Круто обошлась судьба со стариком. Под конец жизни одного оставила у ее бурного водоворота, и он, во всем разуверенный, горестно дожидался, когда и его поглотит бездонная пучина, унесшая всех родных и близких людей.

«Благостные сны мне и в доброе время не снились, кто даст увидеть их на старости, – думал старик, рассеянно улыбаясь. – Да и на кой они в мои-то годы».

Незаметно опустились лиловые сумерки. Там и сям тускло замерцали окна.

Старик раздумчиво смотрел на свою собаку, не сомневаясь, что и мысли незнакомца заняты ею. Ему представлялось, что, перед тем как проститься и уйти, человек спросит как бы между прочим: «Не уступишь ли мне эту свою собаку, большую службу сослужишь науке». И терзался, ломая голову, – как же быть, вдруг да в самом деле попросит? Разве может он поступиться своей собакой?

Однако незнакомец и не заикнулся о собаке, встал и попрощался.

– Всего доброго, дядюшка, я пошел… Посмотри, что за дивный вечер! Всю страну исходил, изъездил, а подобных вечеров, как здесь весной, нигде не видел!

– Уходишь, значит?

– Да, пойду, работа ждет.

– Извини, родной, но… Что поделать, не могу уступить тебе мою собаку, – смущенно проговорил старик и отвел глаза.

– Мне и в голову не приходило…

– Одну ее и сохранила мне судьба… Голодным, бездомным щенком пригрел ее, приютил… С той поры по пятам за мной ходит, и я прикипел к ней, не могу без нее. Навалится тоска-кручина, говорить с ней начинаю, задаешь, какая понятливая собака.

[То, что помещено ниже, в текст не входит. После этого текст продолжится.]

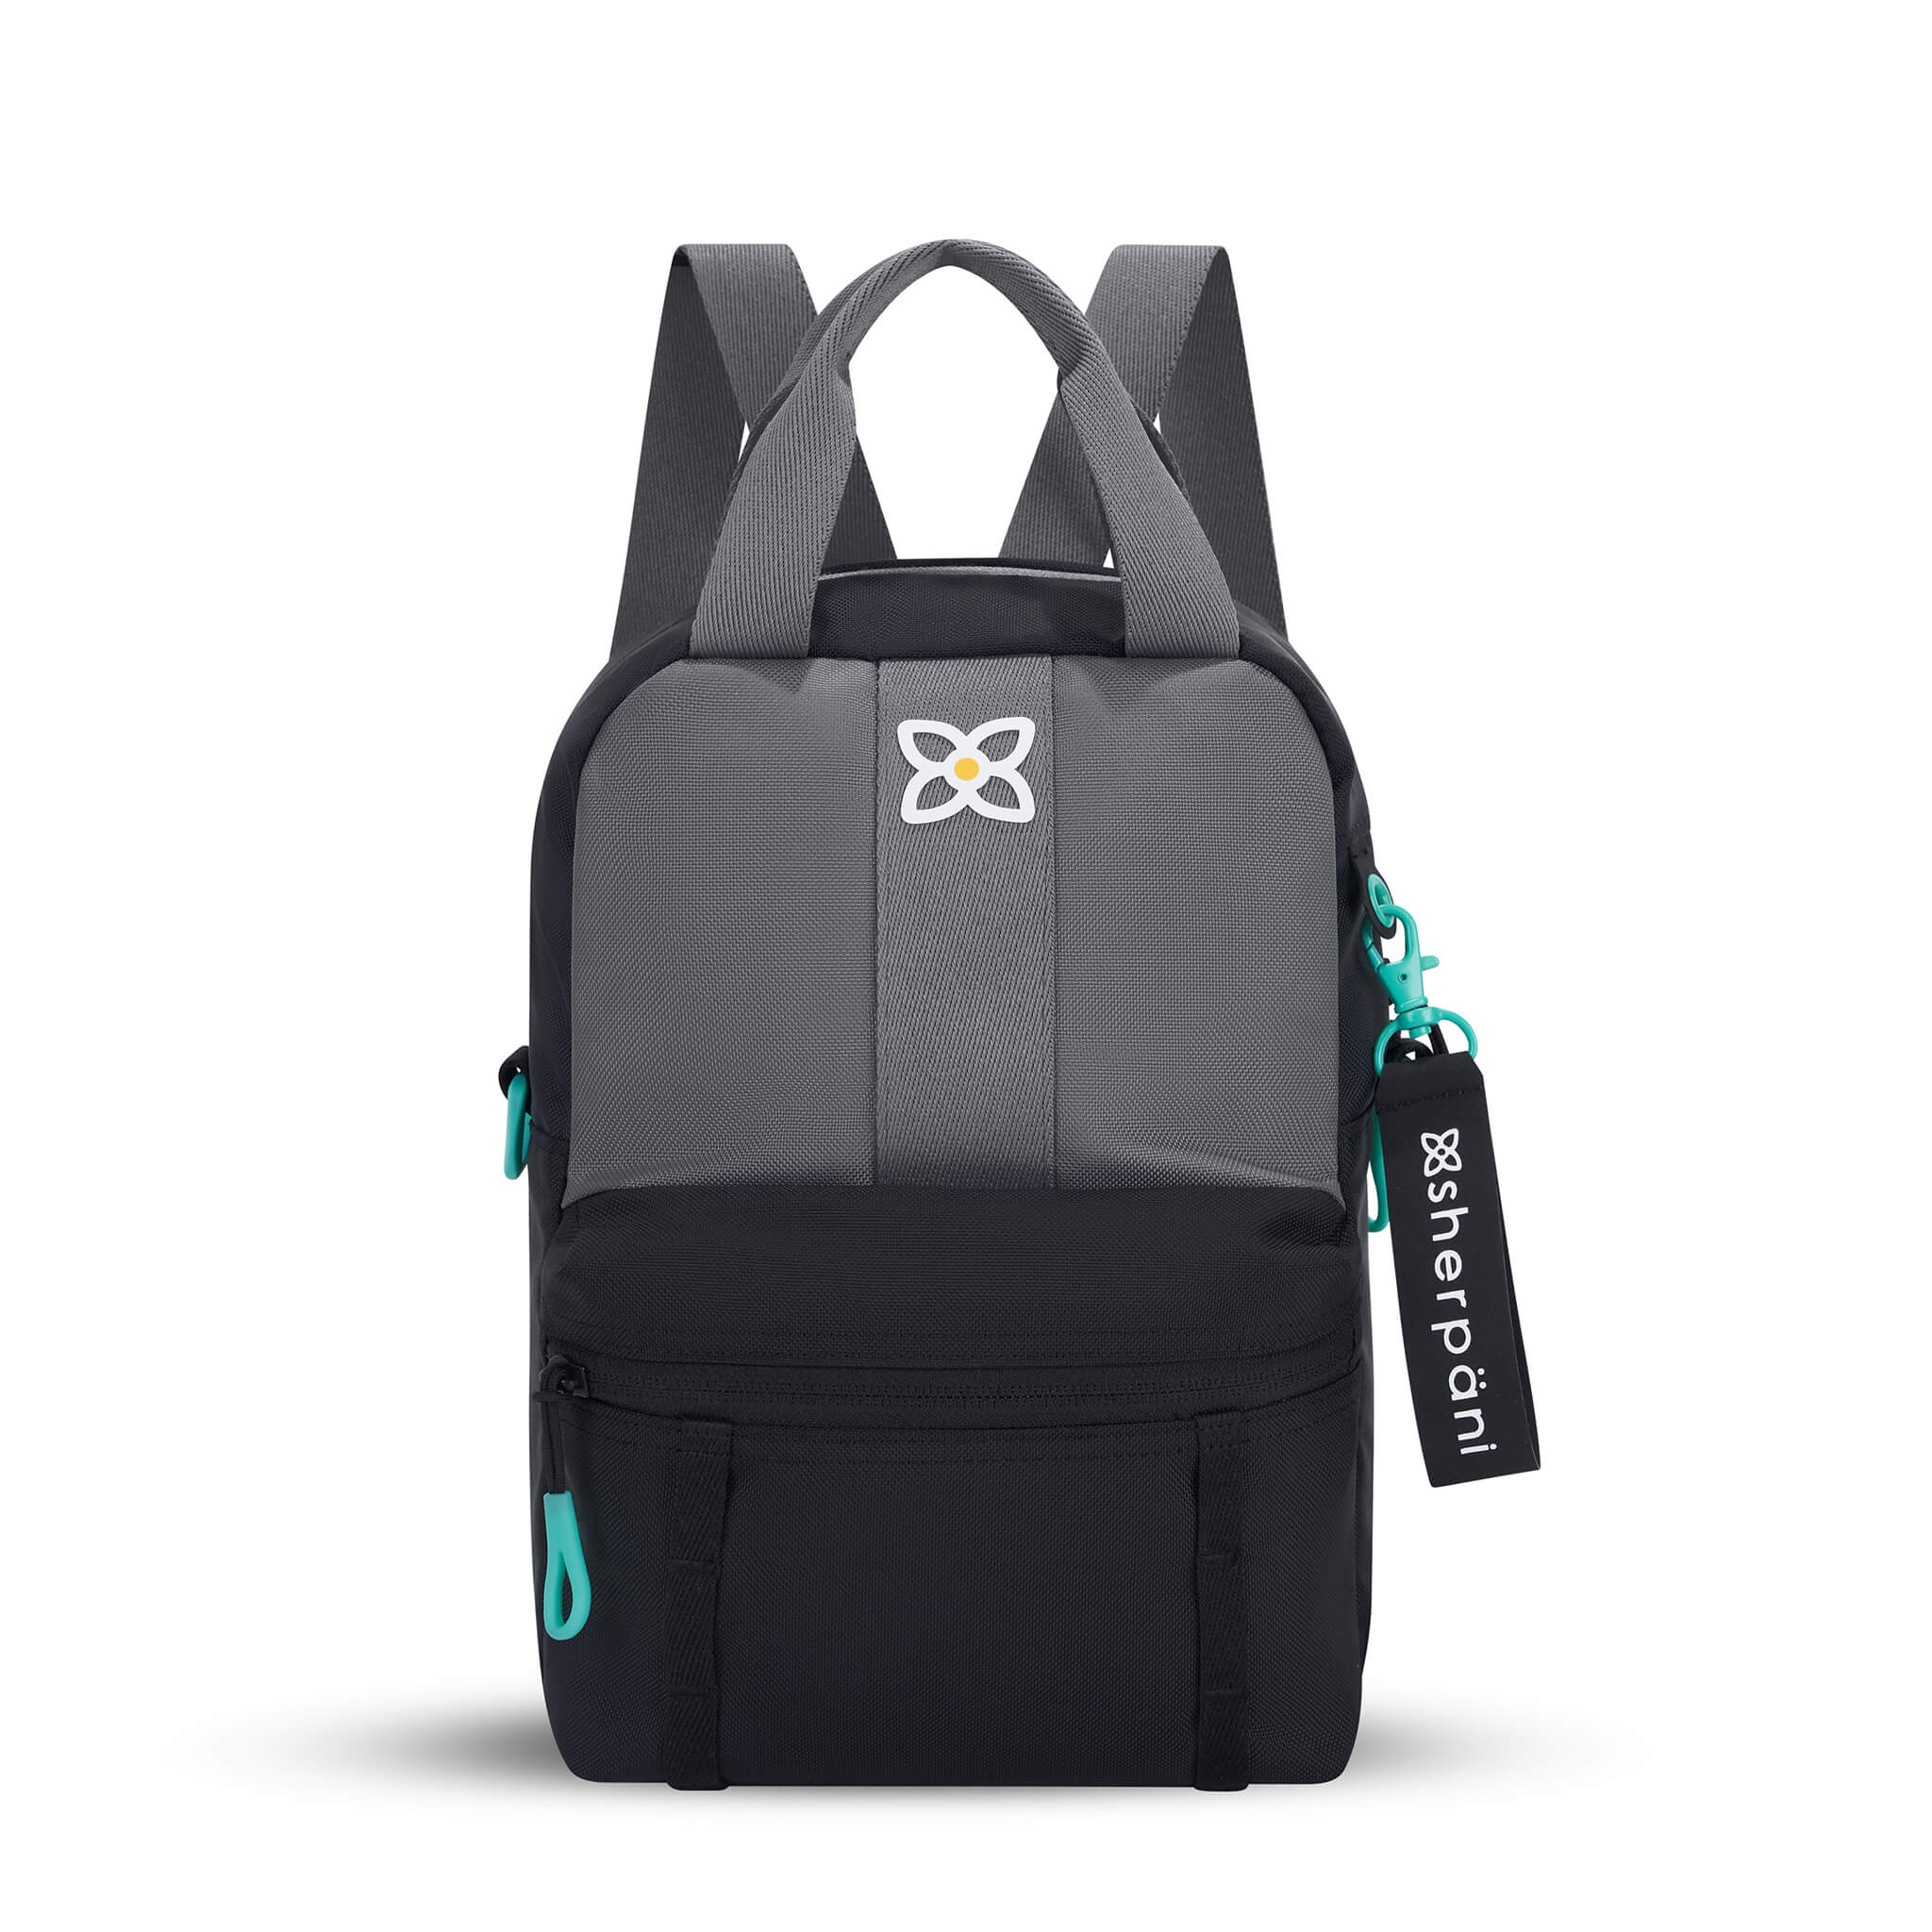 Flat front view of Sherpani mini backpack the Logan in Moonstone. The bag is black and gray with aqua accents. The Logan has fixed tote handles and adjustable backpack straps. 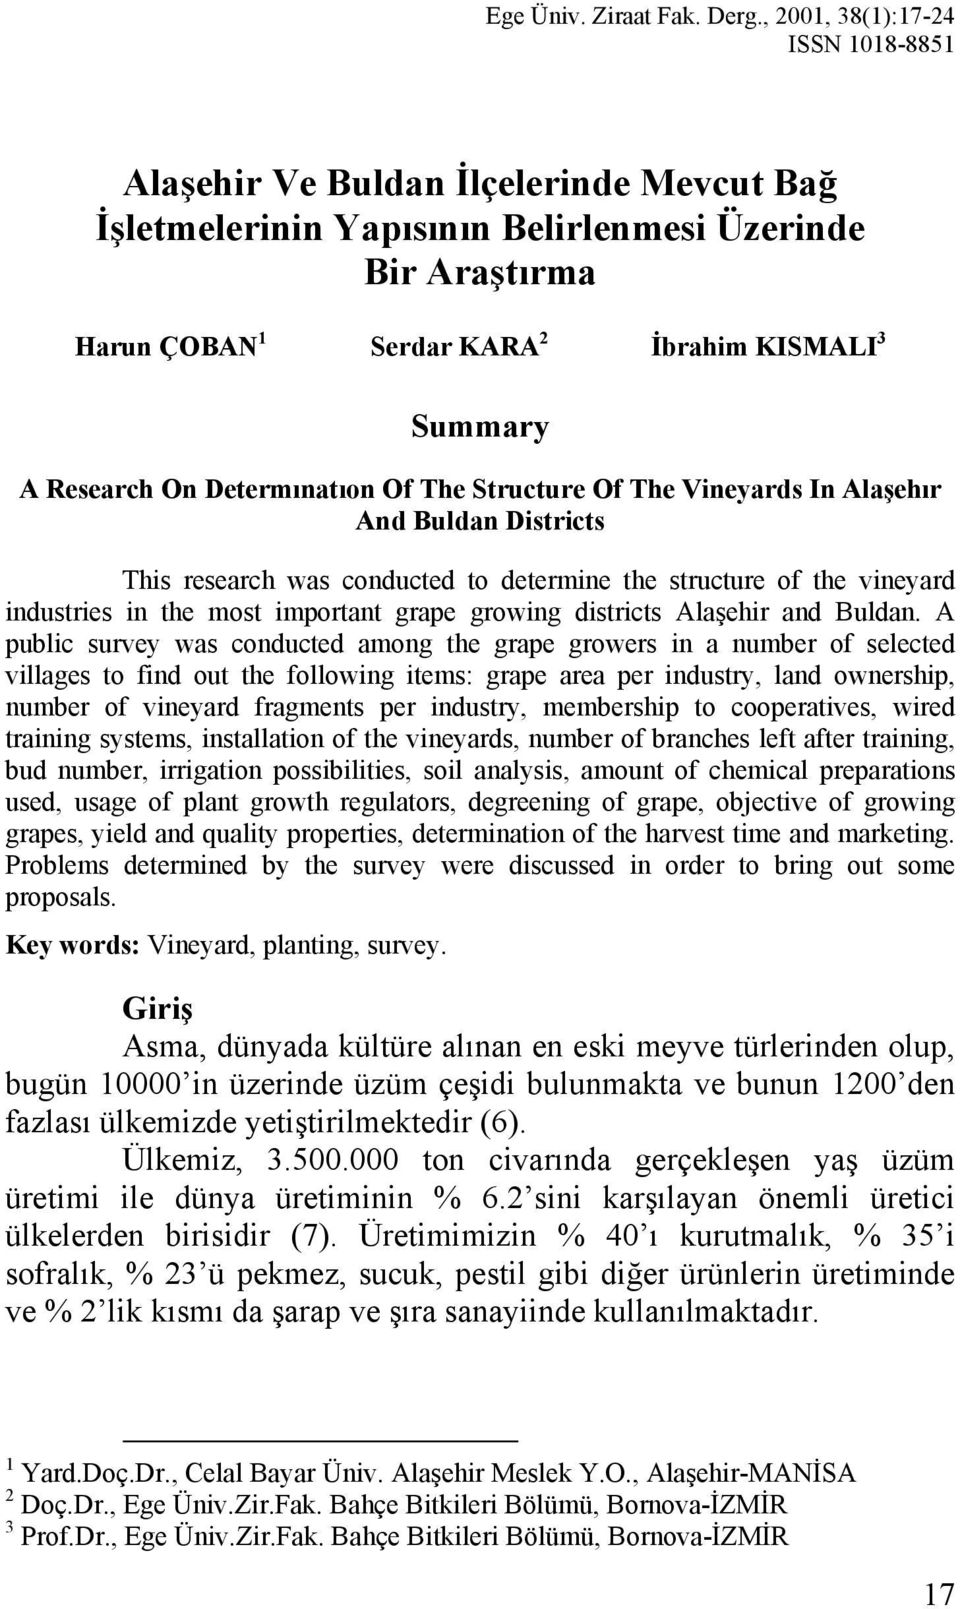 Research On Determınatıon Of The Structure Of The Vineyards In Alaşehır And Buldan Districts This research was conducted to determine the structure of the vineyard industries in the most important

– Понимаю, дядюшка! Говорю же, и не думал просить ее у тебя, не переживай, я добуду собак.

– Назвался бы хотя… Уходишь так, ровно обидел тебя чем.

Незнакомец добродушно рассмеялся.

– Бериташвили моя фамилия, Иванэ Бериташвили![4]4
  И. С. Бериташвили (1884–1972) – великий грузинский советский физиолог, академик, основатель физиологической школы в Грузии.


[Закрыть]
Мое имя ничего тебе не скажет.

И тут у старика блеснула внезапная мысль, озарив светом его угасшую душу и наполнив ее радостным смятением.

– Ежели хочешь, Иванэ, щенят тебе выкормлю. – И старик посмотрел собеседнику прямо в глаза. – Наведайся осенью, на исходе сентября, преподнесу тебе уже подросших… А дольше, чем я могу помочь, ничем…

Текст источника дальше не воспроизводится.